ABOUT THIS TASK:
Would you please copy only the lines from the line that contains "Пример написания английского" to the end of the data below, exactly, leaving every picture out?

──────── PROVIDED MATERIAL ────────

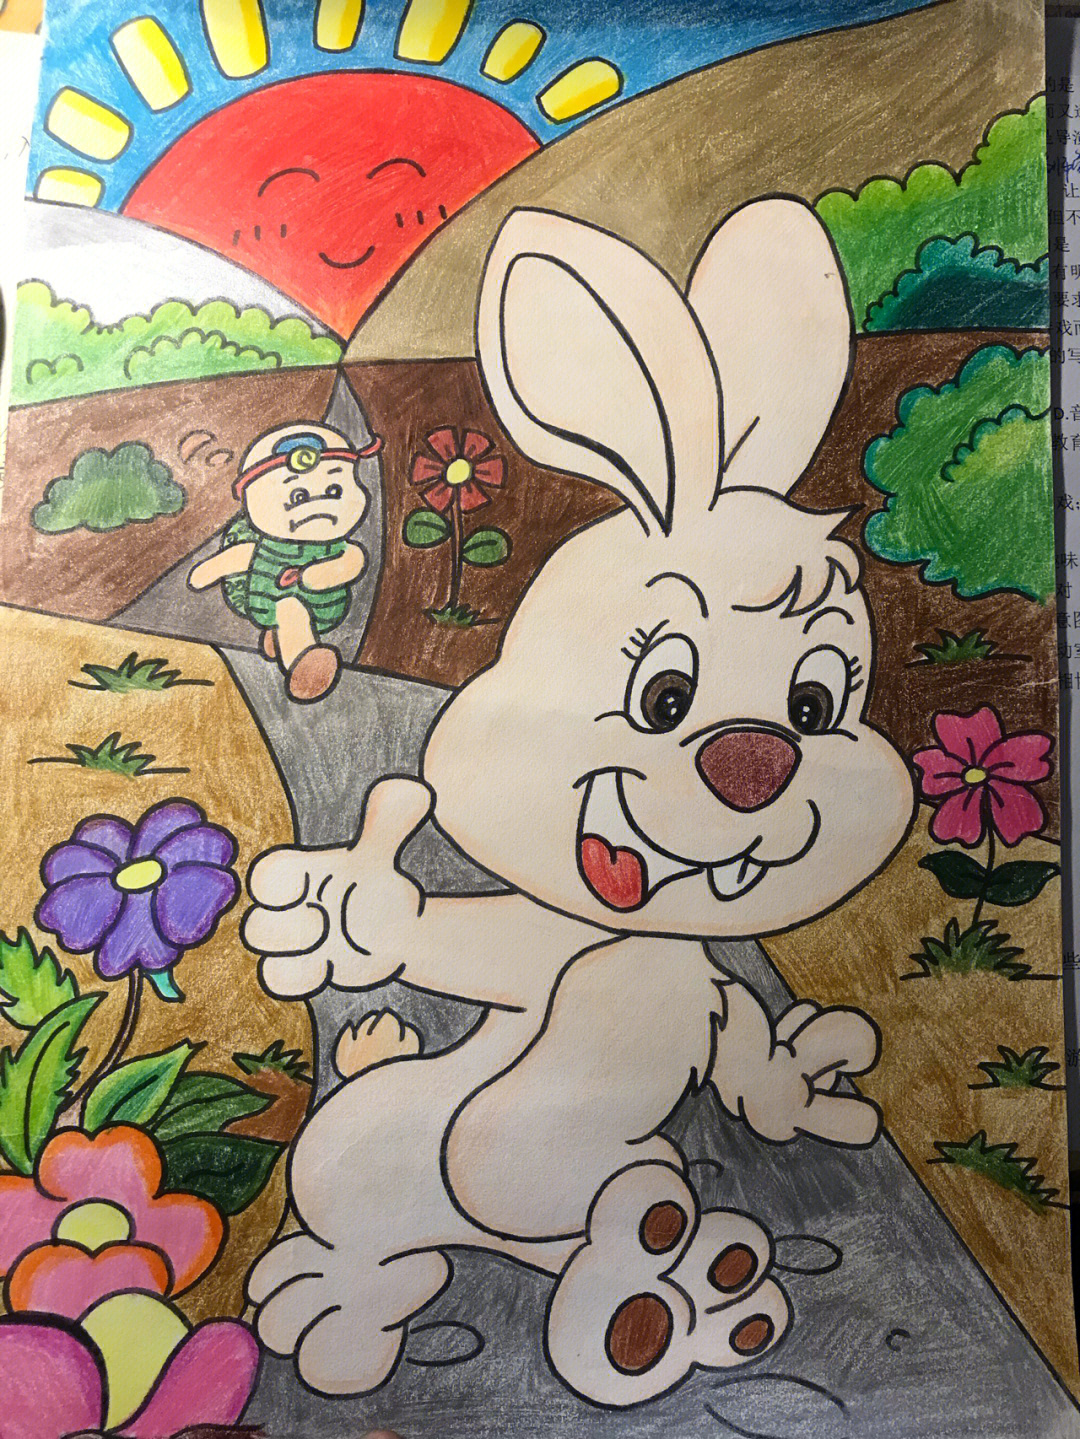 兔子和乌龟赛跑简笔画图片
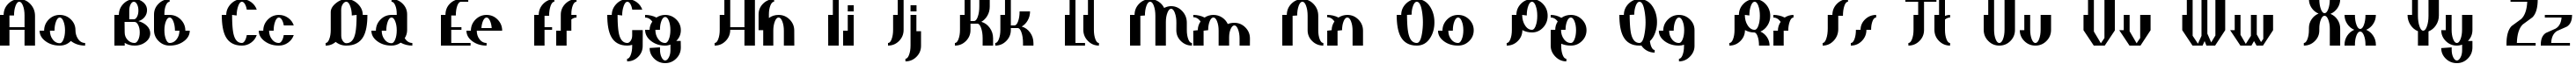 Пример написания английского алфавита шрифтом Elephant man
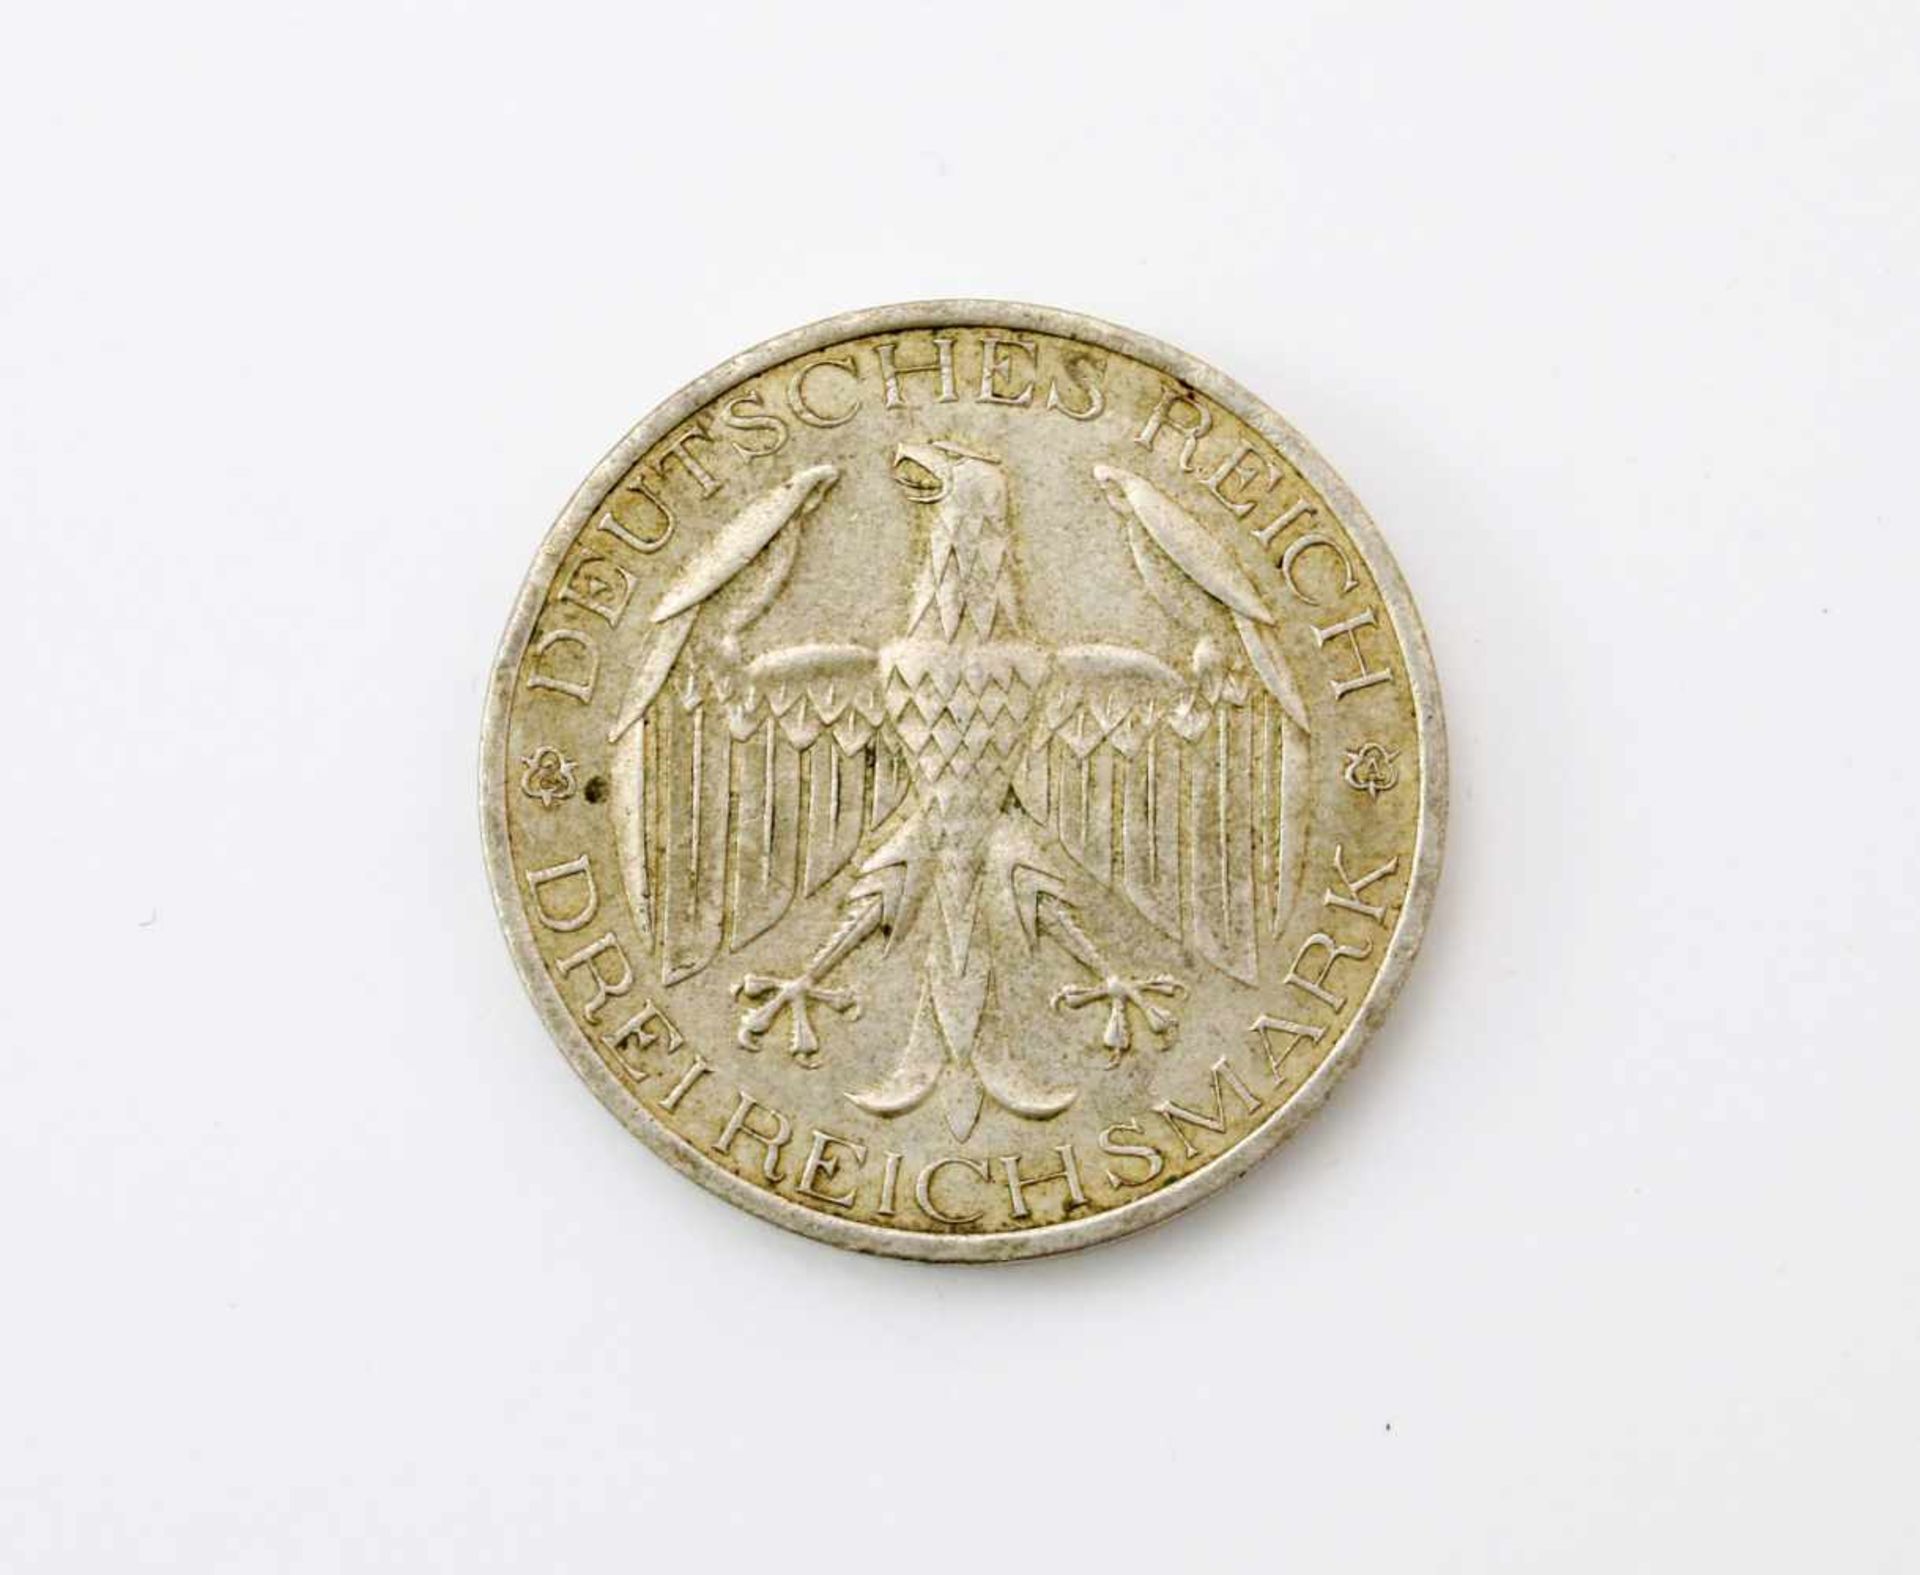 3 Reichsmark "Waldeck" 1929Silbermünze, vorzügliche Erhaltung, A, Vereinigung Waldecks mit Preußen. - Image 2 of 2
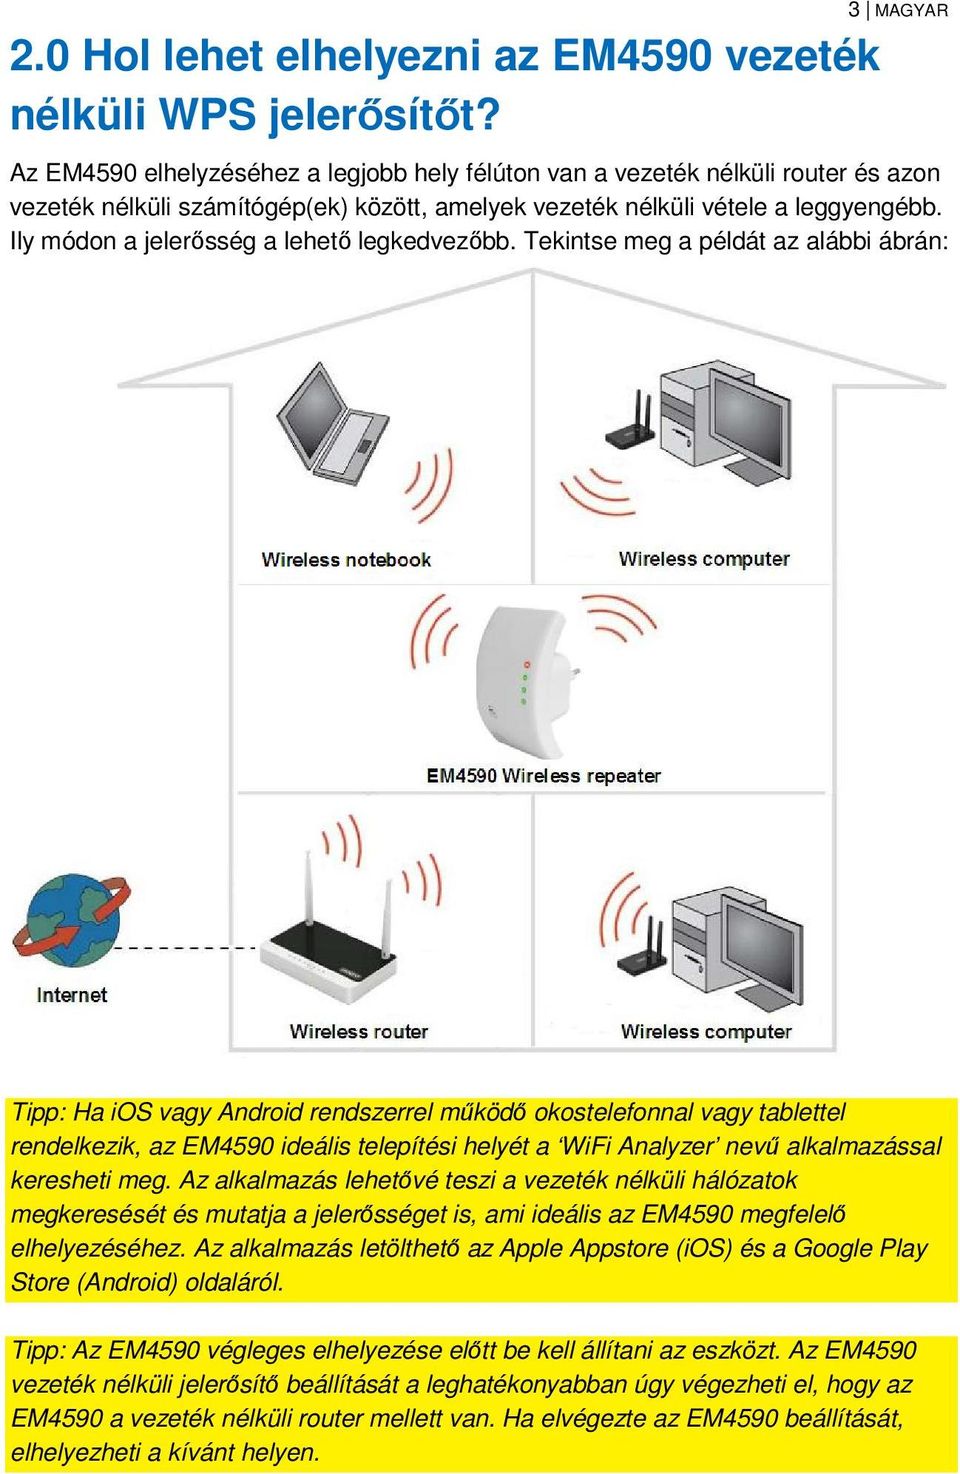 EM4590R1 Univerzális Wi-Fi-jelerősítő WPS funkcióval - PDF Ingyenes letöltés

────────

OUTPUT OF THE TASK:
 Пример написания английского алфавита шрифтом Elephant man
 3 Reichsmark "Waldeck" 1929Silbermünze, vorzügliche Erhaltung, A, Vereinigung Waldecks mit Preußen. - Image 2 of 2
 EM4590R1 Univerzális Wi-Fi-jelerősítő WPS funkcióval - PDF Ingyenes letöltés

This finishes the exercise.